In the slideshow of Jill Drew's photos available here, a man is shown making a call from a public phone kiosk (complete with live operator). The caption says that the government controls all cell phone SIM card sales, which it says cost about $1,500. I bought a SIM card in Indonesia the last time I was there. The card from one of the ubiquitous SIM card sidewalk vendors (it's a very popular small business, all legit and legal), cost about $1.50. No wonder our former tycoon-in-chief of Thailand, Thaksin Shinawatra was so keen on his ventures in the Burmese telecoms market. Look at the profit margins!

Popular Burmese comedian Zargana was one of the many entertainers arrested in the crackdown, for the crime of giving offerings to monks. He was one of those released a few days ago. Flaming Peacocks has translated part of a Burmese language interview he did with Democratic Voice of Burma. He is described as "well-known for his spot-on sarcasm about the junta and in the past twenty years, he has been detained more frequently than not."
In the interview, Zarganar told DVB that monks in custody have been forced to defrock. However, the three monks he met continue to meditate and observe the rules of Sangha. He said the monks told him that the conditions in concentration camps were terrible; the monks in custody were made to squat, urinate, and pass motion [defecate] in the same confined space. They were also not given any food.
He also gave an interview to the Burmese service of Radio Free Asia, along with another entertainer. They describe slightly better conditions at the notorious Insein Prison, in comparison with the treatment meted out at the crowded makeshift camps such as the ones at the Government Technical Institute.
U Ye Lwin, 60, plays guitar, sings, and writes music for the well-known Burmese band, Myizzima Hlaing. He was arrested Sept. 27 as he sat on the main Pansodan road in the country’s former capital, Rangoon, praying and protesting alongside monks and members of the public...

U Ye Lwin said monks were also kept in isolation in Insein Prison, and he reported seeing many university students. He said his status as a well-known musician appeared to protect him from interrogation, although the students were repeatedly summoned and tortured by the prison authorities.

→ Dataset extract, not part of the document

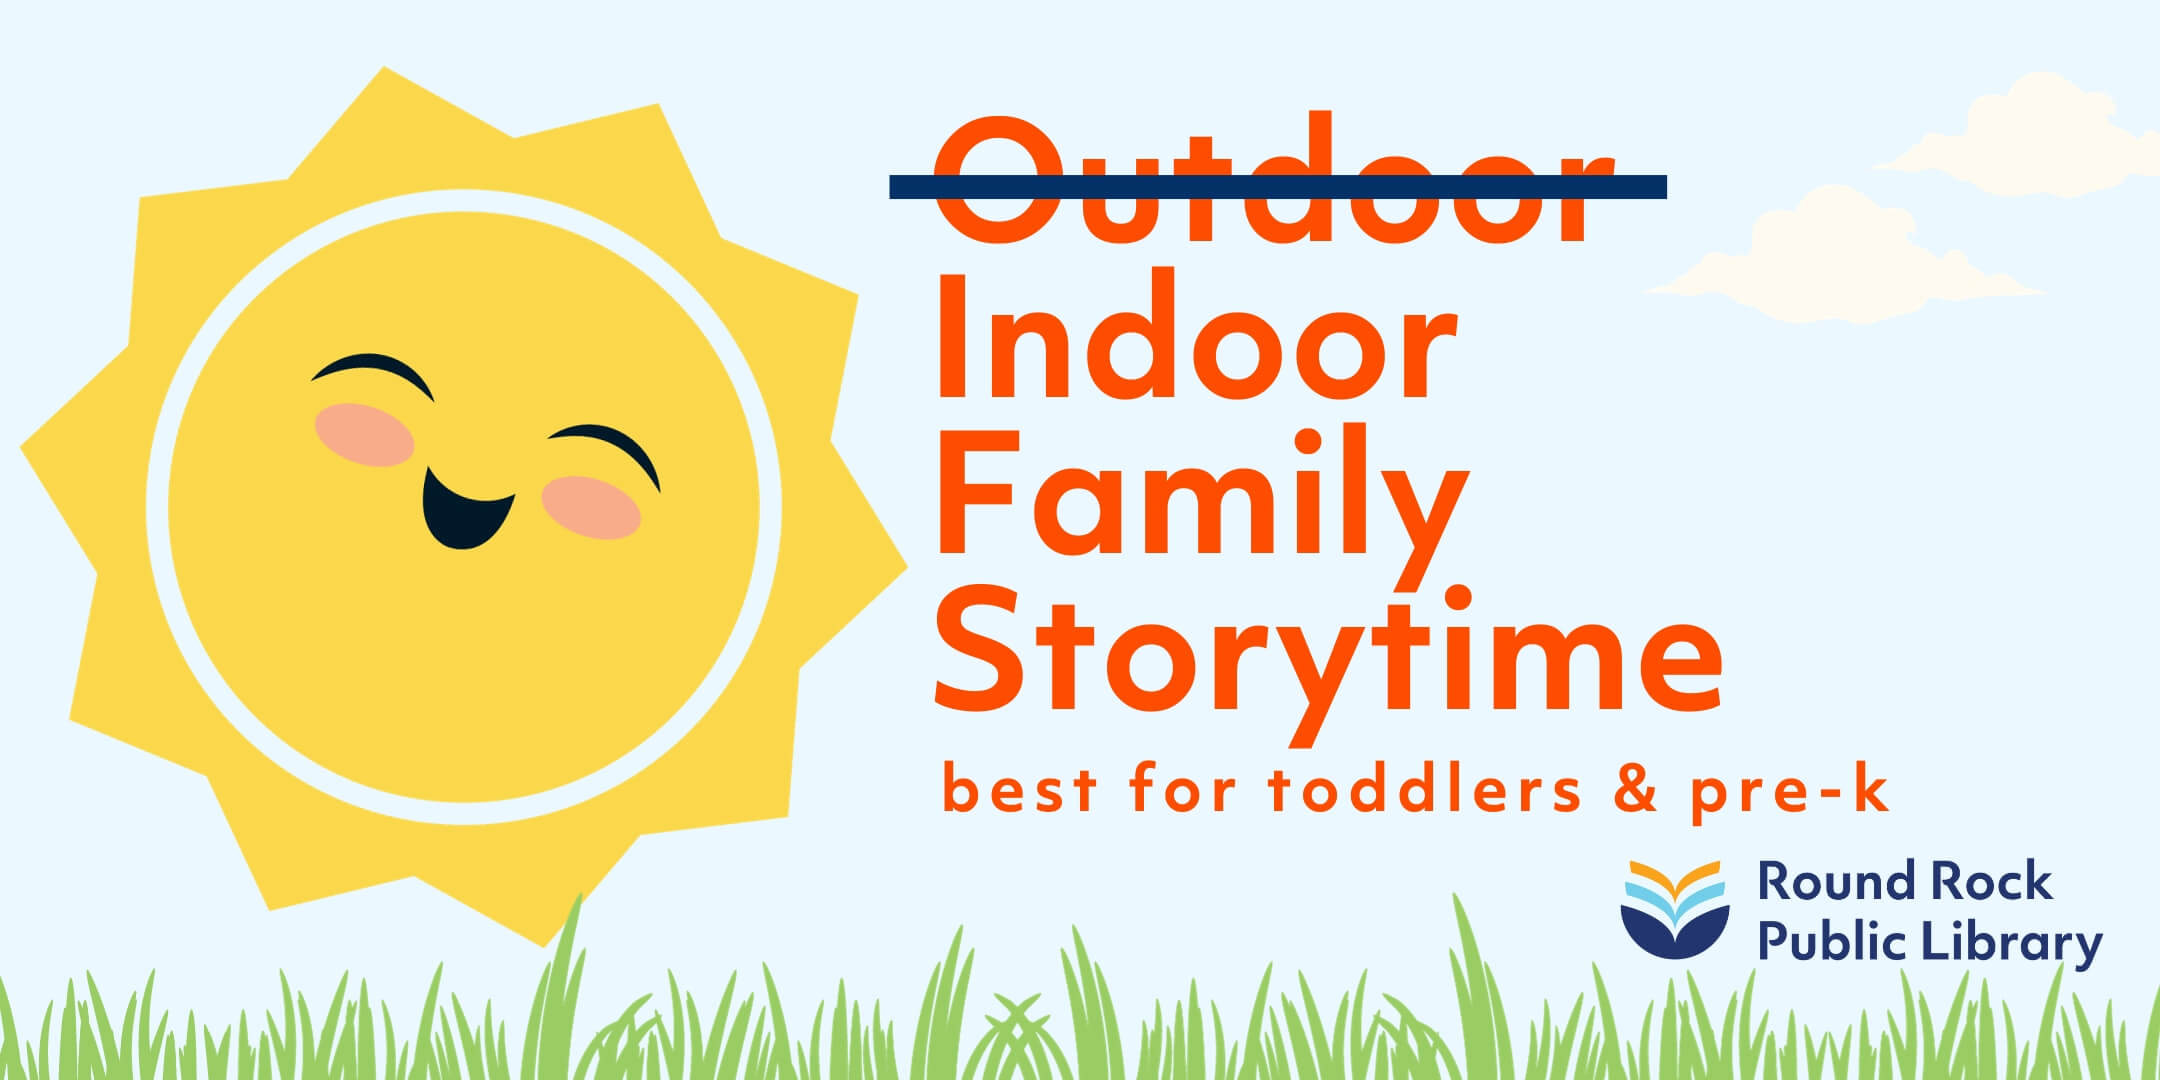 Outdoor Family Storytime will meet indoors this week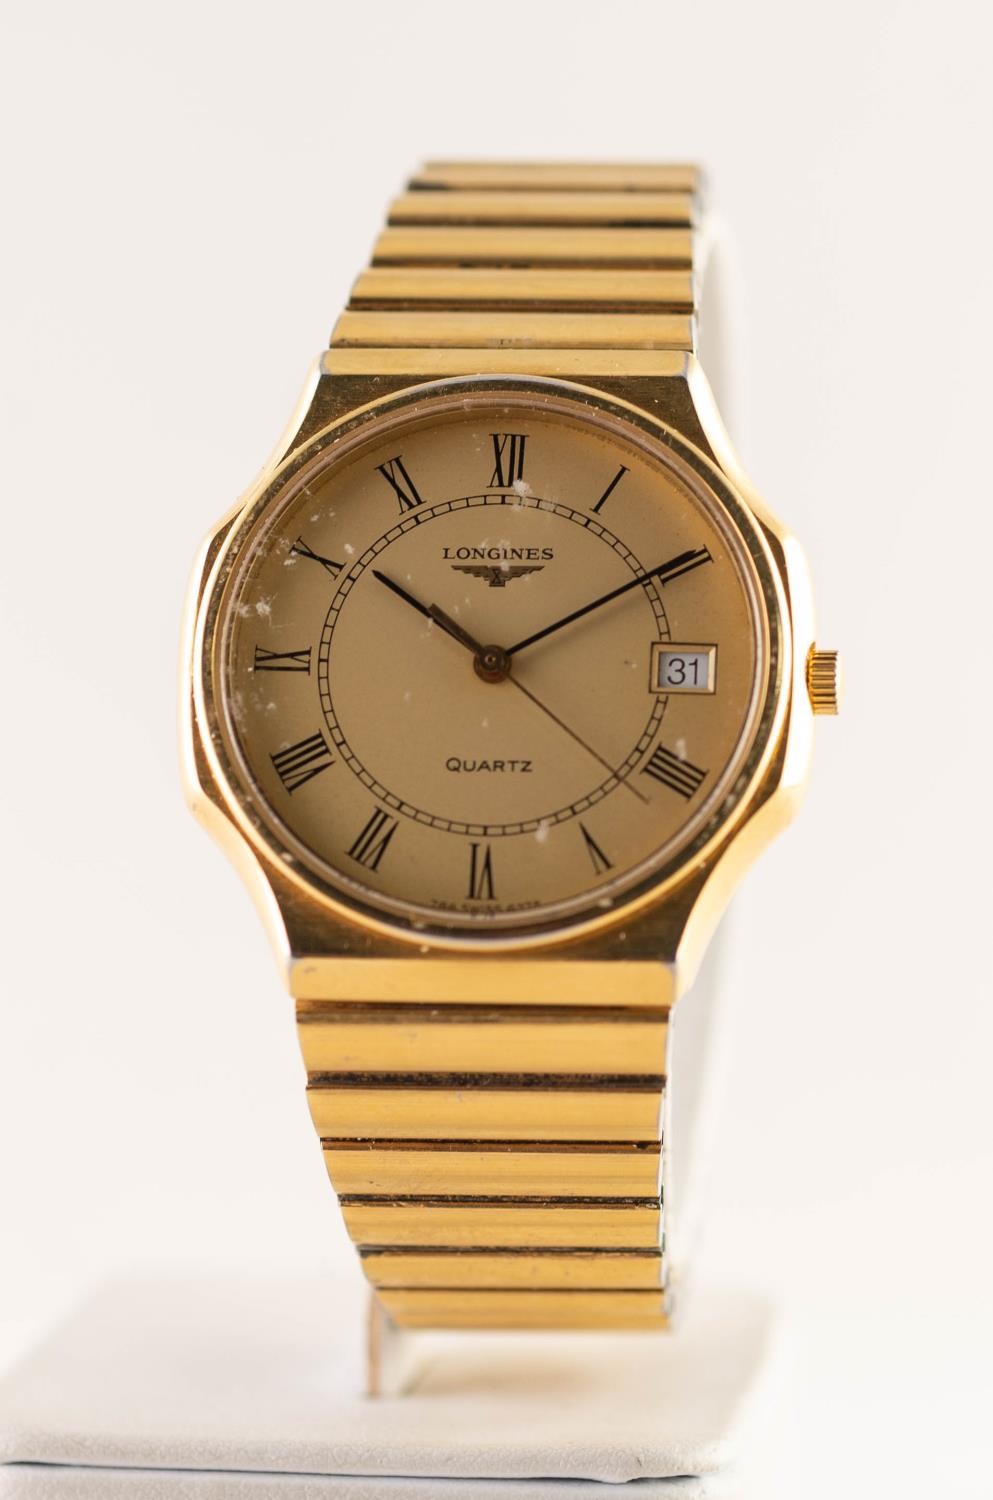 GENT'S LONGINES QUARTZ GOLD PLATED WRISTWATCH with integral strap, roman dial with centre seconds

“The students were beaten during the interrogations. People were beaten when they [the authorities] couldn’t get the answers they wanted. There were monks who had already sustained injuries when they came. The monks were interrogated separately,” he said.
RFA also spoke to Zargana about his ordeal.
“I started having pneumonia, and I was in trouble,” Zagana said. “I didn’t think I was going to be released. I was kept with the military dogs. How rude and wicked. I was there with 30 dogs...”

Zagana is known in much of Burma for satirical productions such as “The Beggars’ National Convention,” a parody of the regime’s National Convention during which it has promised to discuss a “road map” to democracy with the opposition...

Most of those being released were ordinary citizens, while monks, students, and activists remained in custody. Both U Ye Lwin and Zagana vowed to continue their nonviolent opposition to the government.
And in the midst of all this governmental depravity in a member state, ASEAN says the situation in Burma will not stop them from signing a new ASEAN charter.
The charter, which [Singapore Foreign Minister George] Yeo described as a 'milestone,' is to include an agreement to establish an ASEAN human rights body and a system of compulsory dispute settlement among the group's 10 members, which include Myanmar.
However, ASEAN Sec-Gen Ong Keng Yong said the signing could be delayed if the Burmese dictator, Than Shwe failed to attend. I wonder if he has the confidence to go out of the country at this point. It could be an excellent time for another pro-democracy coup d'etat. In self-imposed exile from Thailand, our former tycoon-in-chief Thaksin Shinawatra would know something about that.